A roughed out model with no detail at all, but one that has the appropriate scale to come close to the real thing.
That will give you all your basic quantities (sf walls, sf roof, sf soffit, window counts and sizes, same with doors, concrete slab areas, foundation footages, yadda, yadda, yadda) to which you apply your cost factors, and come up with a reasonably good budget figure.
You are overthinking this. It ain't rocket science.
Sure, I don't know whether the walls are 8, 9, or 10, but I'll guess something that won't be far off. For that southern ranch with wraparound porch, I would guess at 9, and if it were actually 10, the extra lumber and sheetrock would not amount to much.
Basement? That is pretty much answered by the locale and what the buyer has to say about things. Down there it would likely be done as a perimeter footing, short walls, and a whole bunch of interior pads and piers. Just pop in a grid of them at 10x10 spacing, and get on with the floorframe.

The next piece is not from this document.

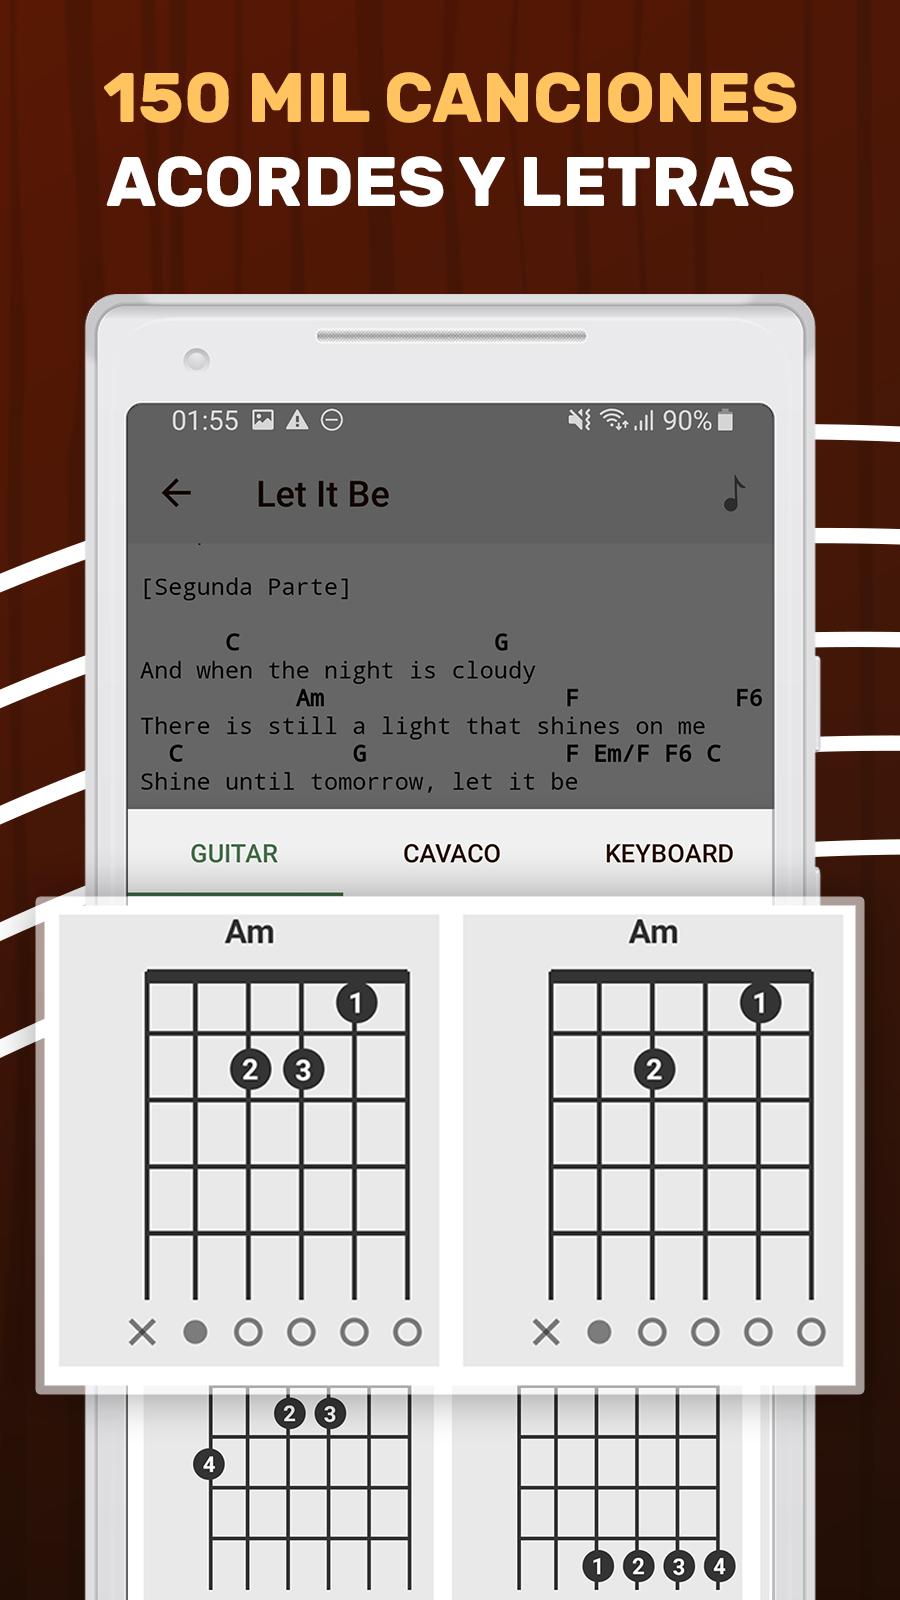 Cancionero Acordes De Guitarra Y Letras Canciones For Android Apk Download Las canciones mas populares en lacuerda. acordes de guitarra y letras canciones

Structural bearing? Who needs that at conceptual pricing time?
Gene - this is not conceptual - it is bidding we have been talking about. If you only want ballpark there is no need for any of this.But if you want some sort of accuracy to give it real world meaning, then yes bear types has meaning. If you have wide open spaces or cantilevers it increases the use of engineered wood which - last time i checked - is quite a bit more expensive than solid frame lumber.You want real hardwood floors or cheap sheet vinyl?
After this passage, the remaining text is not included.